SBD interest rate is a great idea, it will bring back some SBD for sure.
I keep mine on HTX where I've been converting some STEEM to SBD but didn't find any motivation to bring it to Savings at the moment.
No SBD interest on the exchange, so I guess even 10% will bring back some SBD to the chain. That is good in the long run, right?
In my view, it is good if SBD (at the current time) are not converted. If we are above the Haitcut price with the STEEM price, that is a different matter.
Therefore, any SBD that is held (whether in savings or in balance) is good.

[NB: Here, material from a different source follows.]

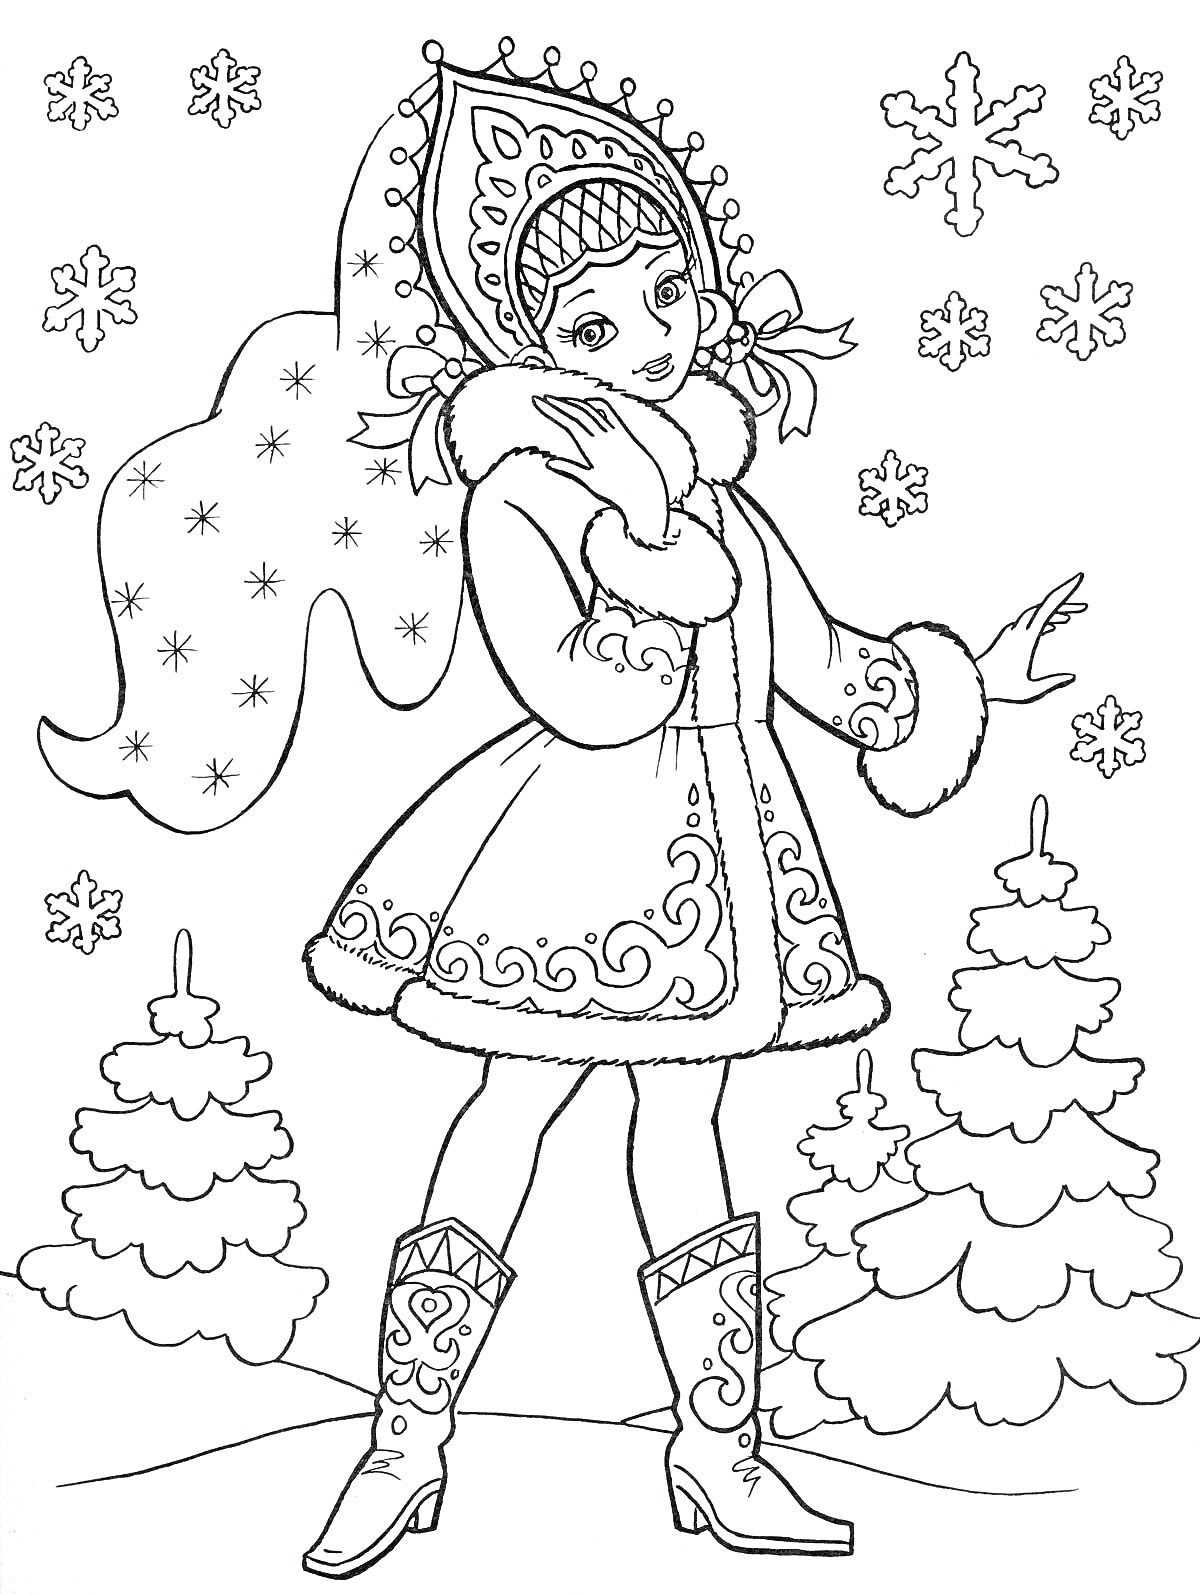 Раскраска Девочка в традиционном зимнем костюме среди ёлок и снежинок

One negative aspect of the current logic is that exchanges would receive interest for SBD in customer wallets, but it is not certain that they will forward it to customers. If interests would be payed it is therefore better to hold them in the personal wallet.
Absolutely!
I believe that any price under $1.00 is too low and thus, probably a good long investment. I also think that if SBD savings here starts paying interest, many will deposit and this will in terms also increase the demand on the exchange and increase SBD price.
What needs to be done so SBD Savings starts paying interest?
Witnesses consensus only or any devhours need to be spent?
The witnesses can do it without any code changes/dev hours. If I understand correctly, each witness sets their own parameter (from 0%-100%) and the blockchain sets its interest rate to the median value. I believe that code changes/dev hours would be needed if the community wanted to pay interest only on SBDs that are held in savings.
Thank you for that info. This sounds fair and flexible enough, given there is consensus, probably that is much harder to achieve but then, there is the median value that reflects the witness sentiment.
I think generally SBD interest is paid only if SBD is staked at Savings?
How could regular users see this? Somewhere in the UI?
I believe SBD interest would be paid on all SBDs, regardless of whether or not they're in savings.
If I recall correctly, it used to be visible in the SBD section of the Steemit wallet. Not sure if that's been removed, or if it just disappeared because it's currently set to 0. It's also visible in steemdb.io, as "sbd_interest_rate".
That's interesting, as I was thinking only in Savings would bring interest.
I checked it today, thanks for the resource link, it is zero indeed. Unless it is greater than that and shown in the Wallet UI, it won't matter, I think, as there won't be any mass of accounts keeping SBD there, right?
Strong disagree. SBDs are currently overvalued relative to the haircut price, what we need is less incentive to hoard them, not more.
There's no evidence that this is a weed-killer. What happens when you dump fertilizer on a weed-choked garden? Fertilizer doesn't selectively target non-weeds. The economy needs more flow and dynamism, not the stasis-inducing effects of people continuously doubling-down on their current positions.
The SBD conversions are good, not bad. The results of them are desirable, not undesirable.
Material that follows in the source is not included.